## Exercise requirements
The full listing should be written out verbatim, and its images should be dropped.

## Given data
▼

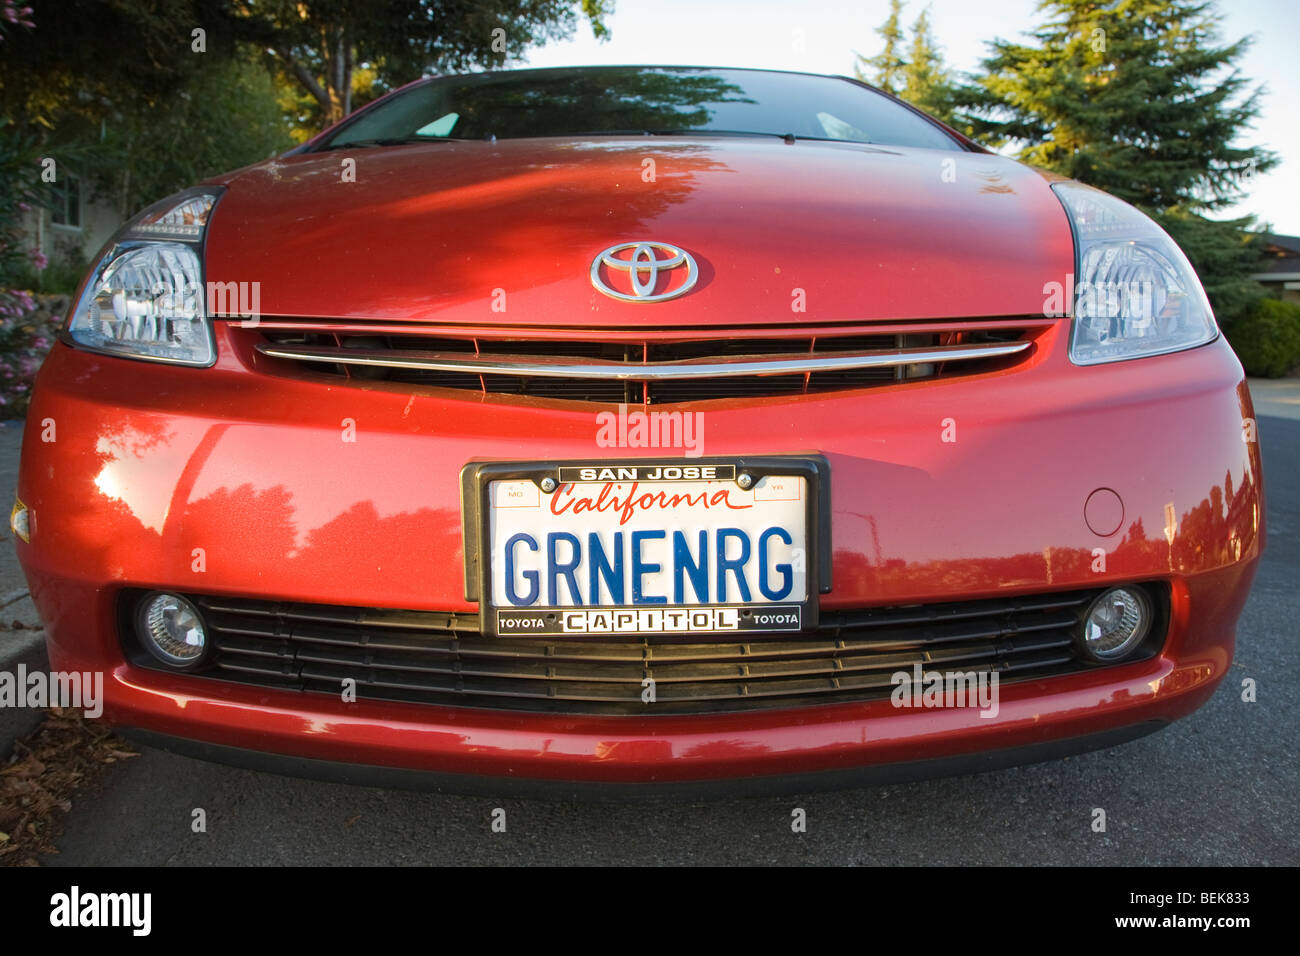 Vorderansicht des Toyota Prius mit einem Kennzeichen "GRNENRG" (Green Energy). Mountain View, Kalifornien, USA Stockfoto
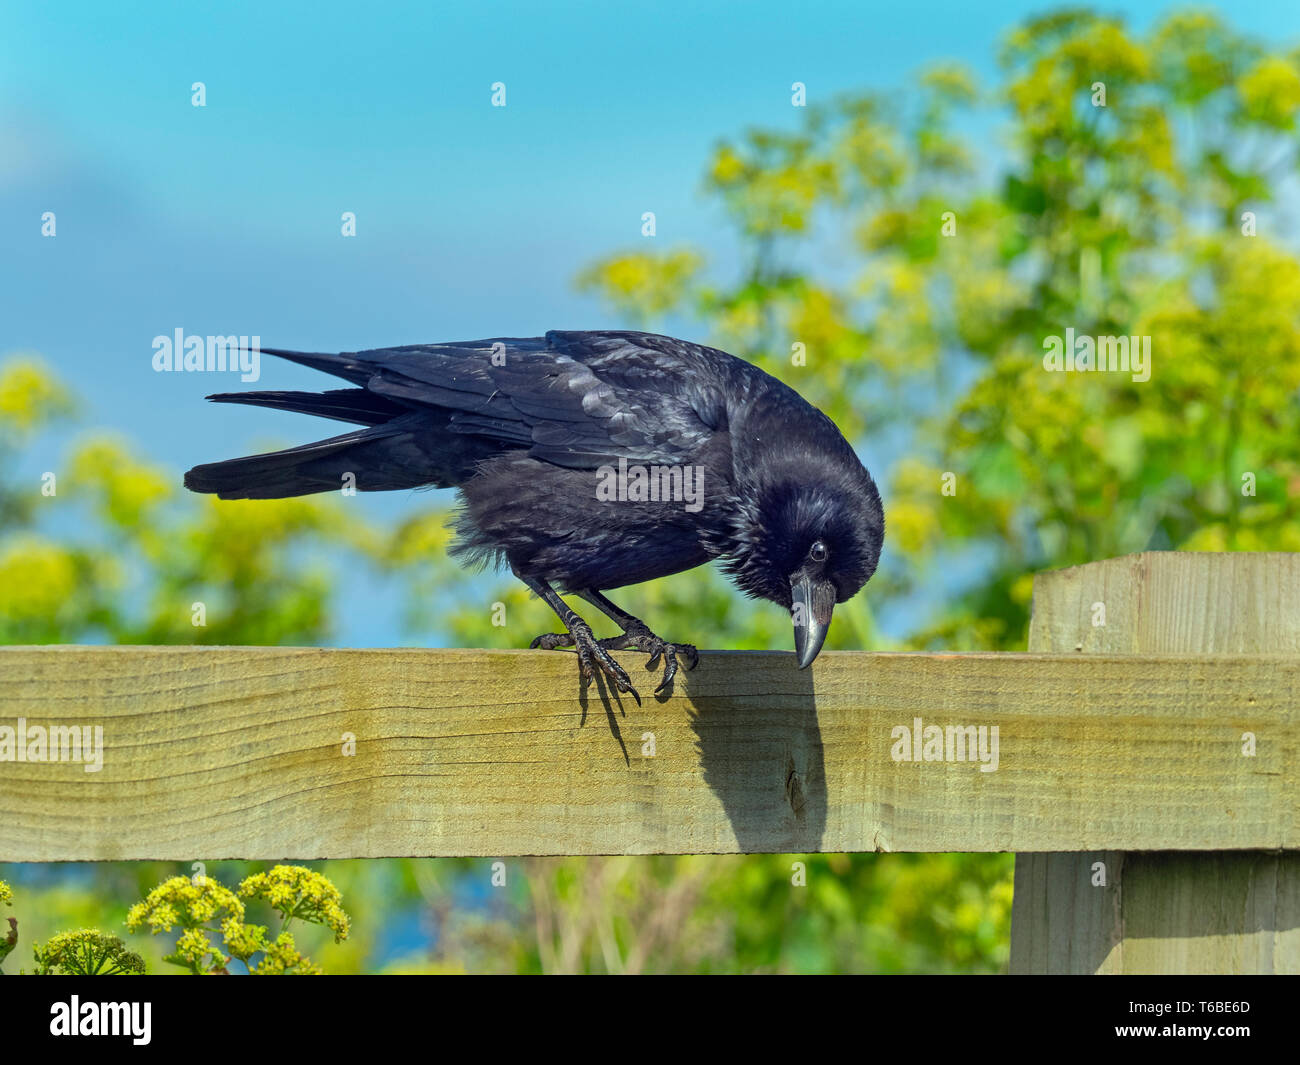 Corneille noire Corvus corone perché sur la clôture du champ Banque D'Images
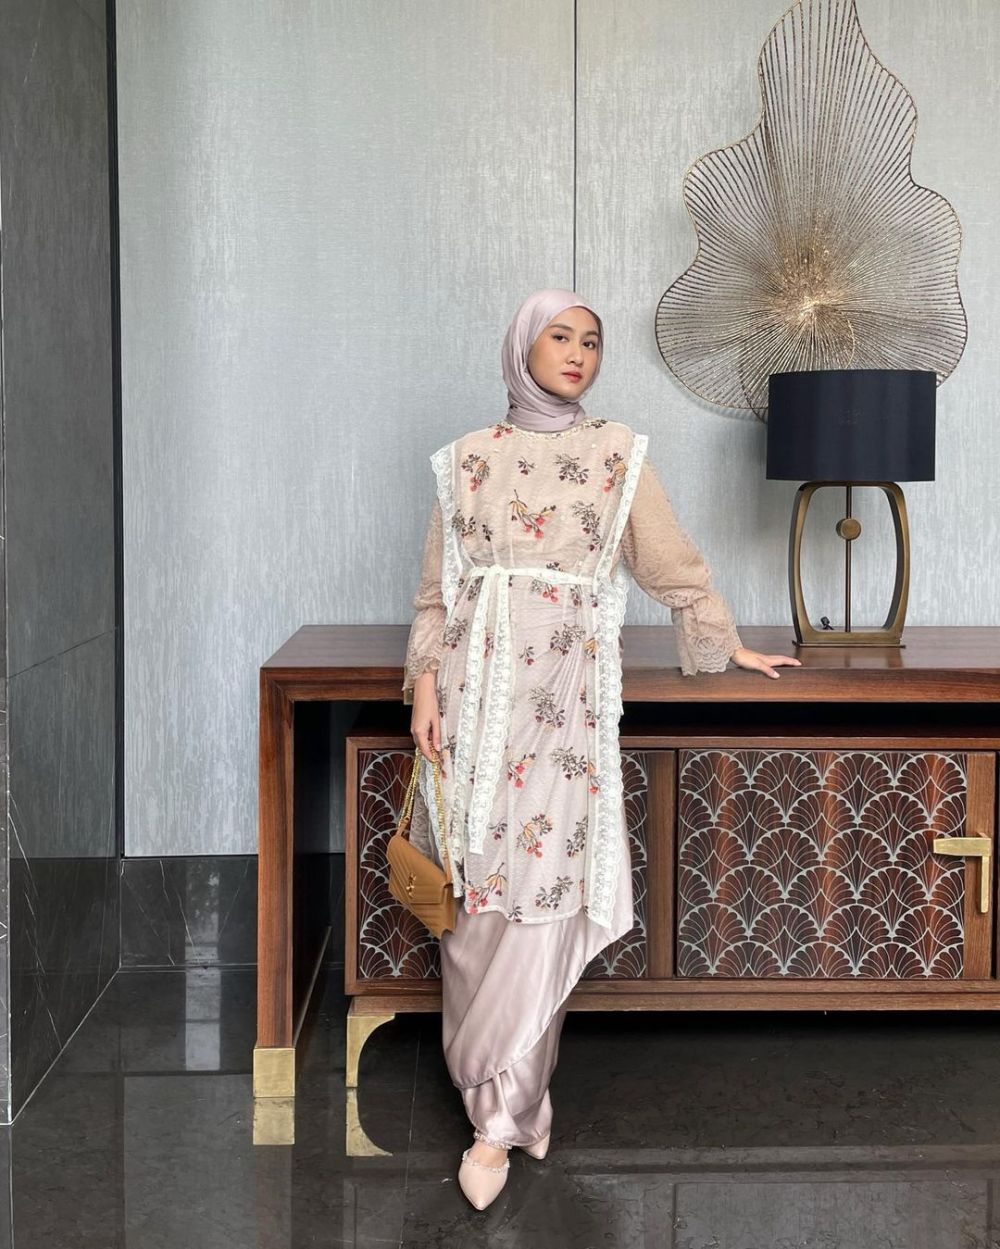 9 Ide Outfit Hijab Earth Tone untuk Lebaran, Cetar Abis!

▲

## Output of the exercise
 Vorderansicht des Toyota Prius mit einem Kennzeichen "GRNENRG" (Green Energy). Mountain View, Kalifornien, USA Stockfoto
 Corneille noire Corvus corone perché sur la clôture du champ Banque D'Images
 9 Ide Outfit Hijab Earth Tone untuk Lebaran, Cetar Abis!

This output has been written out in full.